Be Smart About Higher Education: 5 Steps to Determine When and How You Begin Change

Change can involve excitement and looked at as a great opportunity or be scary and as the worst thing that can happen. Whether it is a good or bad experience is contingent on a person’s attitude. Regardless of how it is experienced, normalizing change is the pathway to a fulfilled life.

A baby’s first steps are shaky, but eventually result in a flop. Moving from middle school to high school for the first time is something to look forward to, but upper classmen can be intimidating. Leaving home to go to college means freedom and independence, but also the potential for homesickness, intimidation with arrogant professors, and hard-to-get-along-with roommates. Day one on the first real job is the start of a new chapter in life, but feeling totally stupid is common.

The aforementioned experiences are a common pathway for students pursuing higher education. Real change begins by making difficult choices. After getting to high school, will the student respond appropriately or react negatively to bullies and gossipers? Are the challenges of pursuing higher education leaned into rather than avoided or denied? Does the fear of asking questions and false pride dictate how the new job goes?
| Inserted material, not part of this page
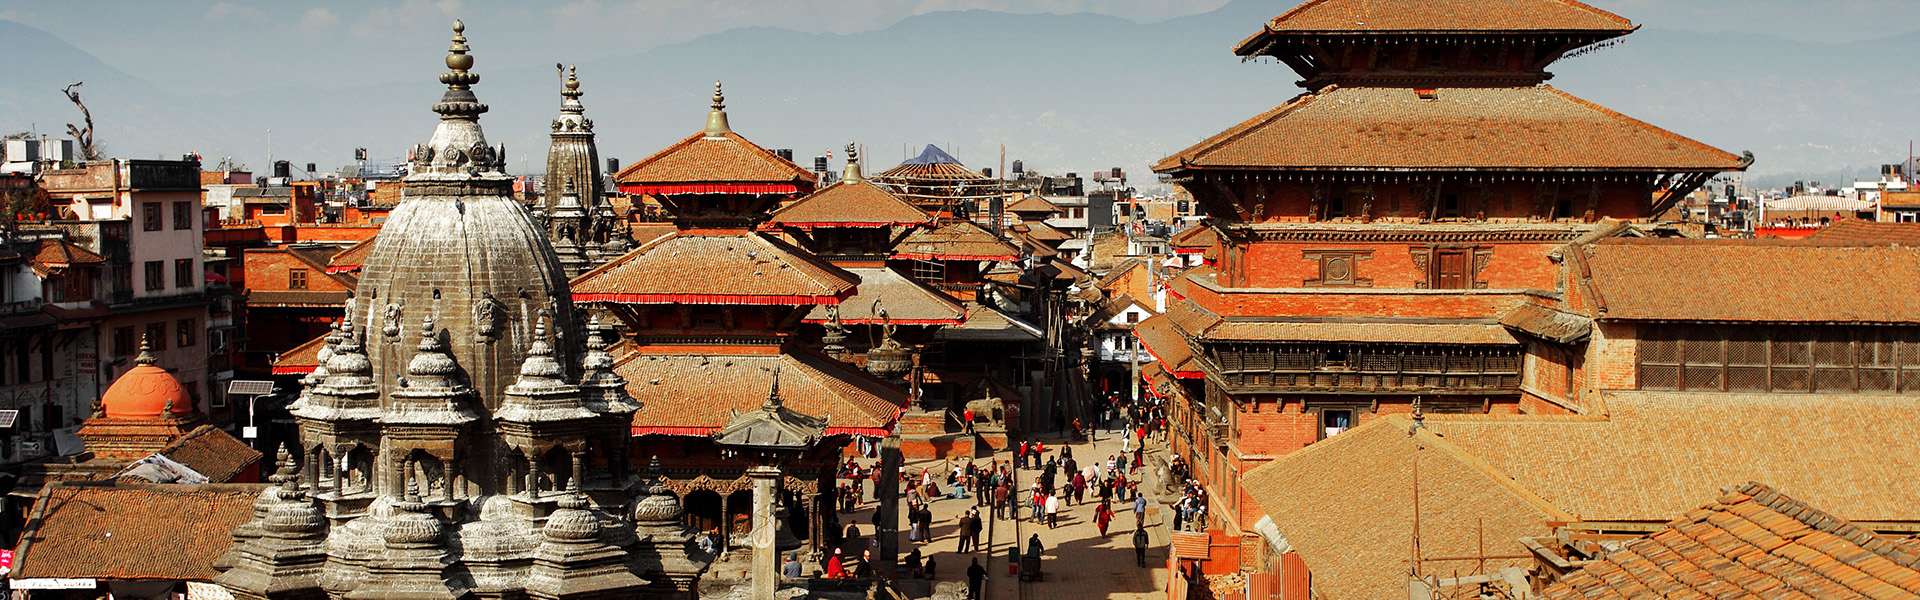 Kathmandu Durbar square Tour

Tough choices continue as life goes on. Mel Robbins, author of The 5 Second Rule attributes that personally coming out of bankruptcy and heavy drinking began with a process of counting backwards 5-4-3-2-1 to launch out of bed in the morning. The story is mainly about a desperate need for change of direction in her life by ignoring feelings and making a commitment to act on improving. Mel claims the seemingly insignificant process of counting 5-4-3-2-1 and launching out of bed instead of hitting the snooze button began the road to recovery that led to being one of the top speakers in the world.

The key to Mel’s success is being smart about what needs done and taking the action to do it by not giving in to what feels comfortable. Another bad guy is analysis paralysis that involves too much thinking eventually resulting in talking yourself out of doing anything. Although the research varies, many would agree it takes at least 21 days to create a habit. The time leading up to creating a habit is hard because change is a challenge! Failed New Year’s resolutions are ongoing proof.

An accompanying bad guy to analysis paralysis is cognitive distortion. Cognitive distortions are simply ways the mind convinces itself of something that isn’t really true. The inaccurate thoughts reinforce negative thinking. The tricky part is, a rationale is built around the false ideas. Following are some common distortions people use:

Pessimism – amplifying the negative while filtering out the positive.

Helplessness – feeling helpless over what happens in life.

Overgeneralization – basing an opinion on a single piece of evidence.

Blaming – “it’s not my fault, you don’t understand.”

Emotional reasoning – feelings are automatically indicative of what is true.

Attempts to change are unlikely with dominant cognitive distortions. That’s why The 5 Second Rule is so effective in completing a predetermined decision. The only thing to think about is repeating the 5 second count down to take action. Distortions based on feelings or over thinking are to be ignored.

Answering five questions serves as additional help in determining when and how to change:

Where are you? Take an honest and objective look at your status right now physically, emotionally, relationally, mentally (academically), spiritually, and financially.

Where are you going and why? Write down dreams and get a vision and purpose to stay focused.

Who are you? Know every person is talented, gifted, and destined for great things. The hardest person to convince of that is you.

What are you doing that matters? Pay it forward.

When and how are you going to start the changes needed to be smart about higher education and live a life that matters?

Begin using The 5 Second Rule: 5-4-3-2-1, start answering these questions now!